CHINA 11/22/71
THE FALL OF MAO'S HEIR
* Outsiders have sought for more than two months to make sense of portents from Peking suggesting an epic struggle for power in China. Last week they claimed to have some tangible evidence. Lin Piao, Defense Minister and Mao Tse-tung's political heir, is very possibly dead. Western experts learned that Lin Piao had made three attempts on Mao's life over an 18-month period. Lin was found out, and tried to flee China with his wife and son, but Lin's own daughter Lin Tou-tou betrayed them. Can the tale be true? What was evident was that Lin had been in a showdown with Mao, and had lost.


DIPLOMACY 7/26/71
ON TO PEKING
* The words seem slightly grandiloquent in a McLuhanesque age when all is known at once, the future long discounted and the uninformed options line up by the numbers. Yet the words were justified. From a California TV studio, President Richard Nixon
last week made an announcement that altered many assumptions and patterns of postwar diplomacy. The President would go to Peking to meet with China's Mao Tse-tung and Premier Chou En-lai before next May. The arrangements had been made by his National Security Adviser, Henry Kissinger. The aim of the meeting, said the President, "is to seek the normalization of relations between the two countries and also to exchange views on questions of concern to the two sides." The deceptively modest formulation brought an instant and exuberant response. "This is a turning point in world history," declared England's Lord Caradon, former ambassador to the United Nations.
After the announcement Nixon, Kissinger and four aides skipped off to dinner at a Los Angeles restaurant, where they celebrated with a $40 bottle of Chateau Lafite Rothschild (1961).

VIETNAM 2/9/68
TET IN THE YEAR OF THE MONKEY
* Though ominous harbingers of trouble had been in the air for days, most of South Vietnam lazed in uneasy truce, savoring Tet, the happiest and holiest holiday of the Vietnamese year. The Year of the Monkey had begun, and every Vietnamese knew that it was wise to make merry while there was yet time; in the 12-year Buddhist lunar cycle, 1968 is a grimly inauspicious year.

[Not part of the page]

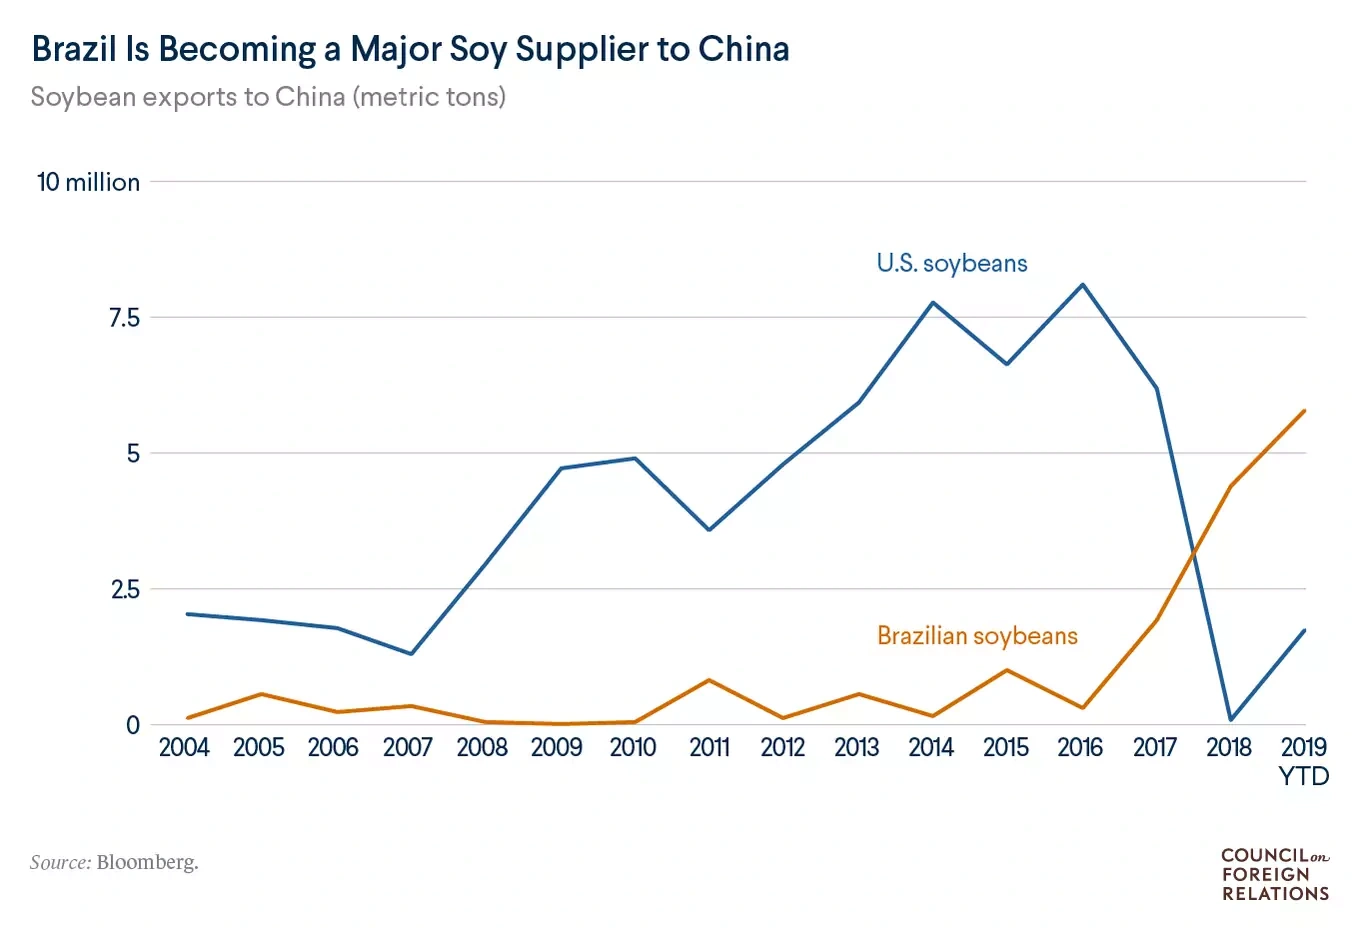 U.S. and Brazilian soybean exports to China 2004-2019

Through the streets of Saigon and in the dark approaches to dozens of towns and military installations, other Vietnamese made their furtive way. After the merrymakers had retired, they struck with a fierceness and bloody destructiveness that Vietnam has not seen even in three decades of nearly continuous warfare. More than 36,000 North Vietnamese and Viet Cong soldiers launched a general offensive against airfields, military bases, government buildings, population centers and just plain civilians.